With the foregoing and the other Polaroid factors in mind, all of which it says tip in its favor, Hermès contends that there is no genuine dispute as to a material issue of fact, and thus, summary judgment on the infringement claims should be granted.
A Famous Mark
Hermès also calls on the court to grant summary judgment as to its trademark dilution claim, asserting that its “Birkin” trademark rises to the level of fame required to prevail on a dilution claim under the Lanham Act. (“[A] mark is famous if it is widely recognized by the general consuming public of the United States as a designation of source of the goods or services of the mark’s owner.”) “Hermès is well known for its iconic and universally known BIRKIN handbag, which was first sold in U.S. commerce in 1986,” the company claims, noting that even “Rothschild gushed about the BIRKIN handbag’s fame, noting that ‘there’s nothing more iconic than the Hermès Birkin bag,’ as it is a ‘holy grail’ handbag.”
Aiming to bolster its claim that the Birkin mark is famous, Hermès states that it “has sold over [a redacted amount] worth of BIRKIN handbags in the United States since 1986,” and in the past 10 years, alone, “has annually sold over [a redacted amount] worth of BIRKIN handbags in the U.S.” (For some context, Bernstein analyst Luca Solca previously estimated that Hermès makes/sells 70,000 Birkins every year, with a million-or-so already in circulation.)

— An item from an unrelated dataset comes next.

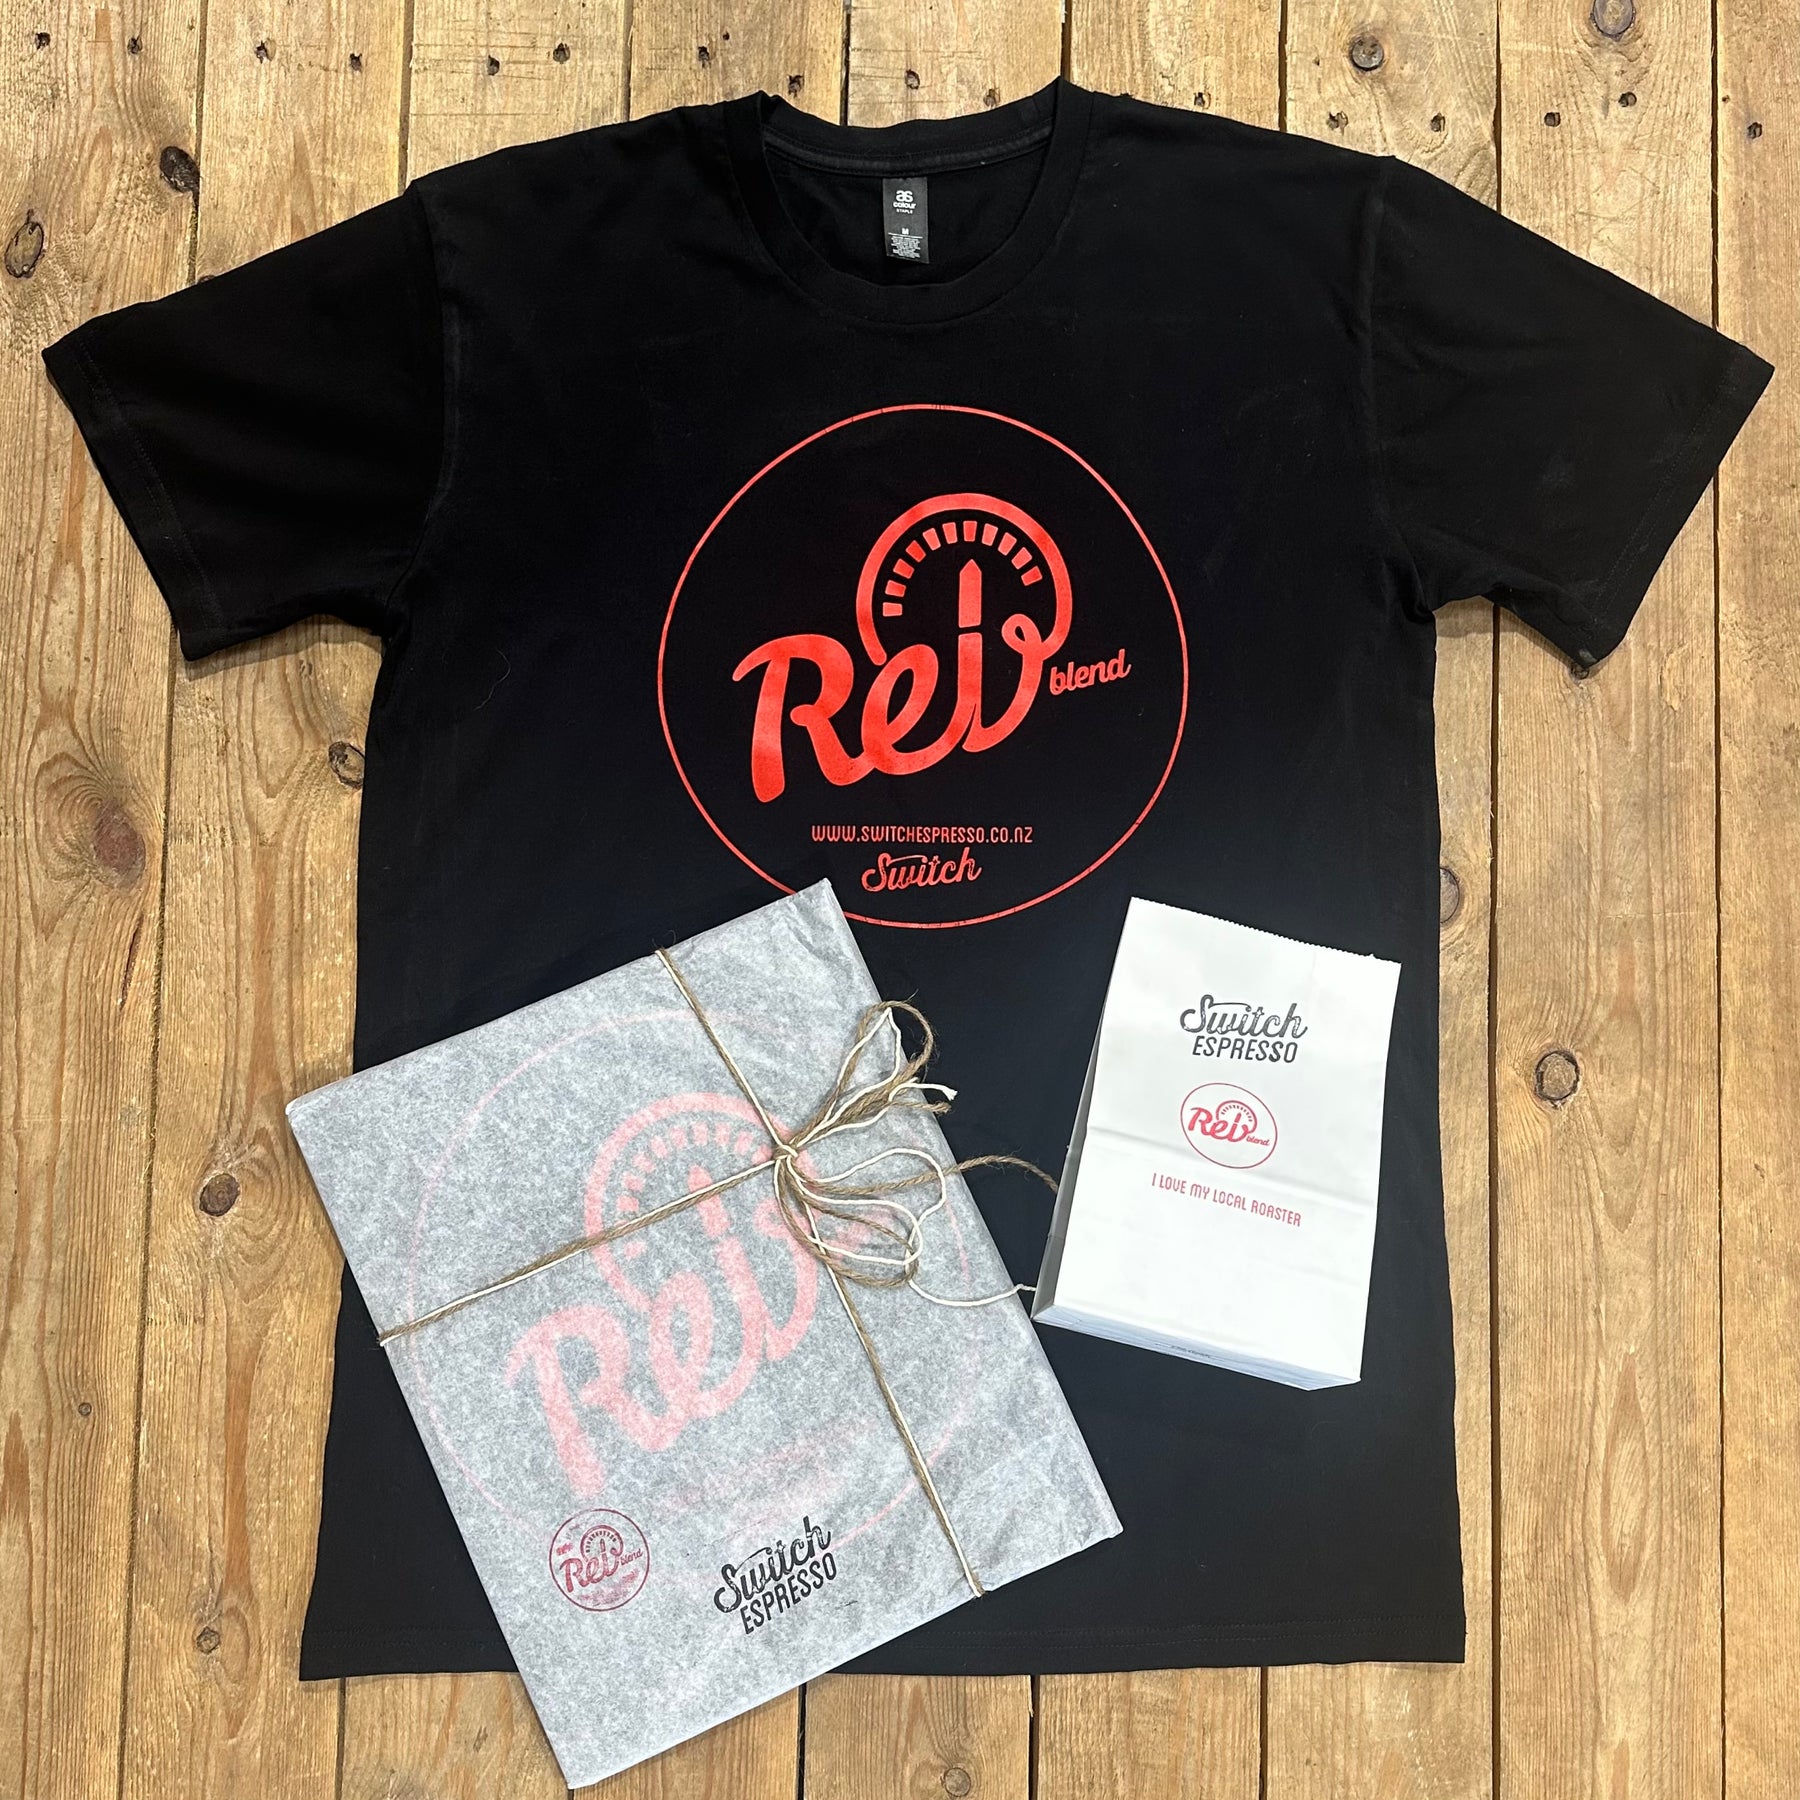 The Rev Tee and Blend Pack

“Many of the factual allegations underlying the Polaroid factors also support dilution,” Hermès argues: “The trademarks are highly similar; the BIRKIN Mark is strong and distinct; Rothschild acted in bad faith by adopting the METABIRKINS mark with the intent to create an association with Hermès and the BIRKIN Mark; and there has been actual confusion as to the association between the METABIRKINS collectible digital handbags and Hermès and its BIRKIN Mark” These facts “establish that Rothschild’s use of METABIRKINS is likely to cause dilution, harming Hermès’s goodwill and capacity to exploit and to use” the BIRKIN Mark in the metaverse,” counsel for Hermès claims.
Accordingly, Hermès states that summary judgment should also be granted as to its trademark dilution claim.

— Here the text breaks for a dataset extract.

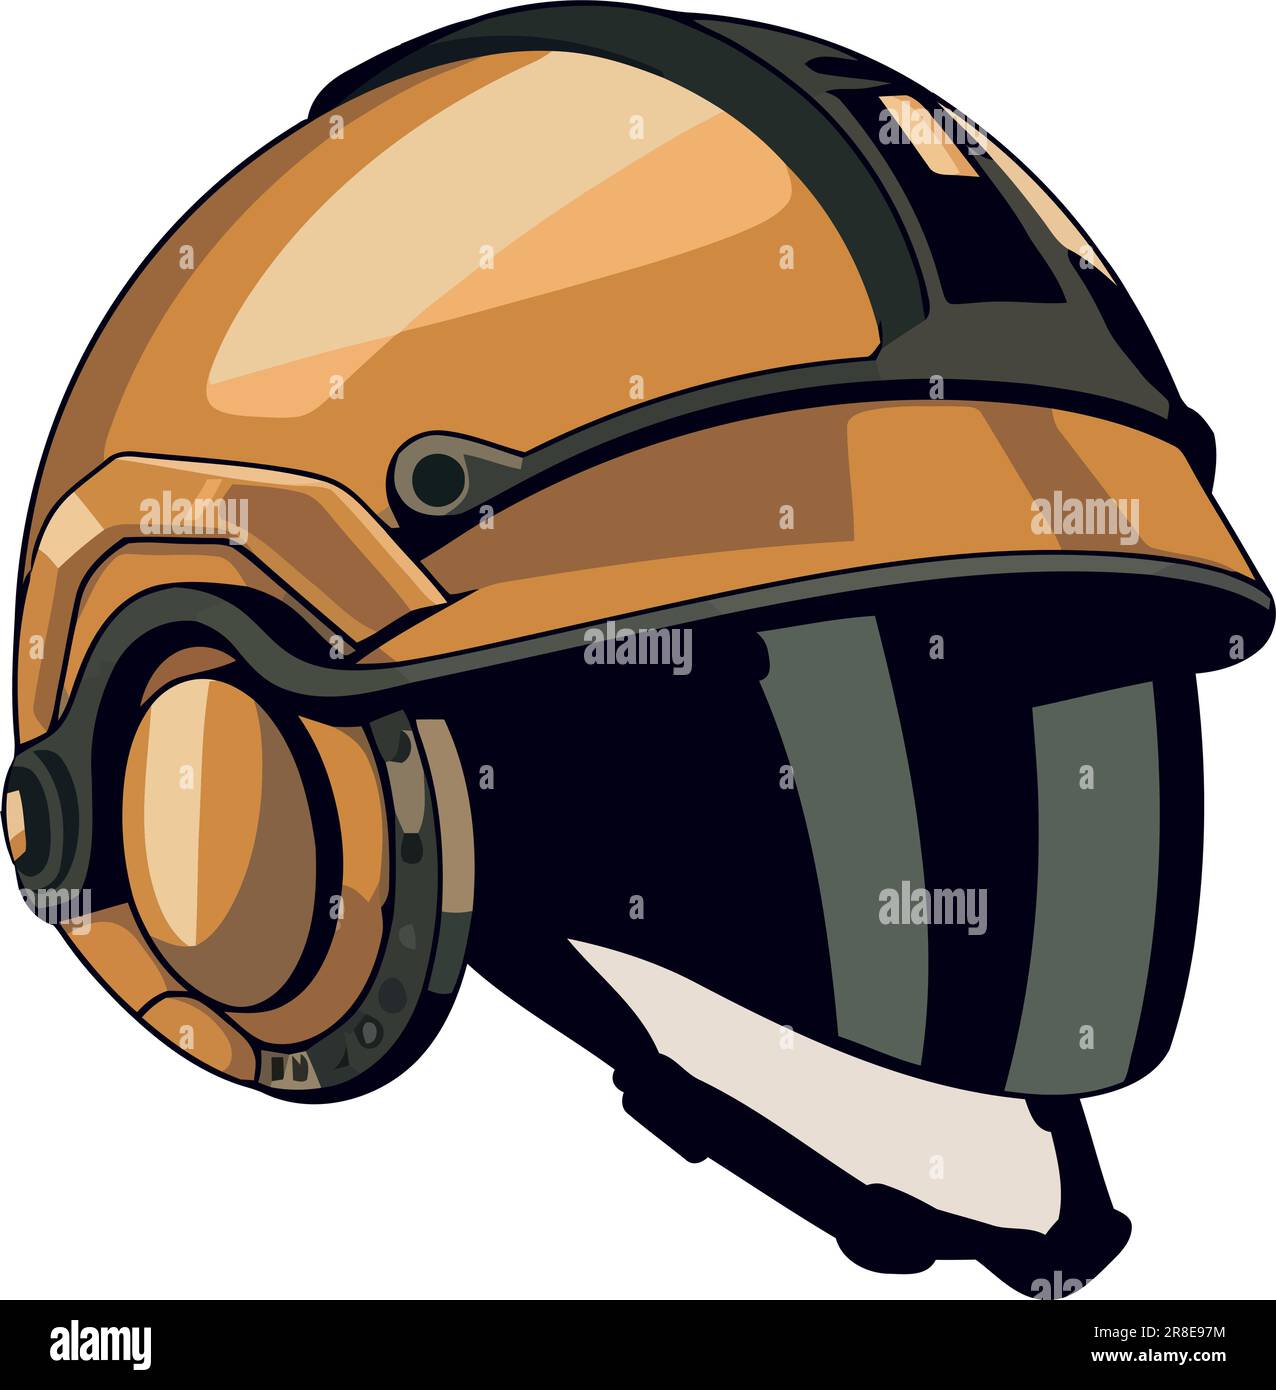 Helmet for safety in extreme sports over white Stock Vector

The brand’s motion comes in the immediate wake of Judge Rakoff refusing to certify Rothschild’s appeal of a May decision, in which the court denied Rothschild’s motion to dismiss Hermès’s claims that he “violated” Hermès’s trademark rights by way of his headline-making MetaBirkins project. In his September 30 opinion, Judge Rakoff determined that the issues at play in Rothschild’s appeal are not so “exceptional” as to warrant immediate appellate review, and thus, denied Rothschild’s motion in full.
The case is Hermès International, et al. v. Mason Rothschild, 1:22-cv-00384 (SDNY).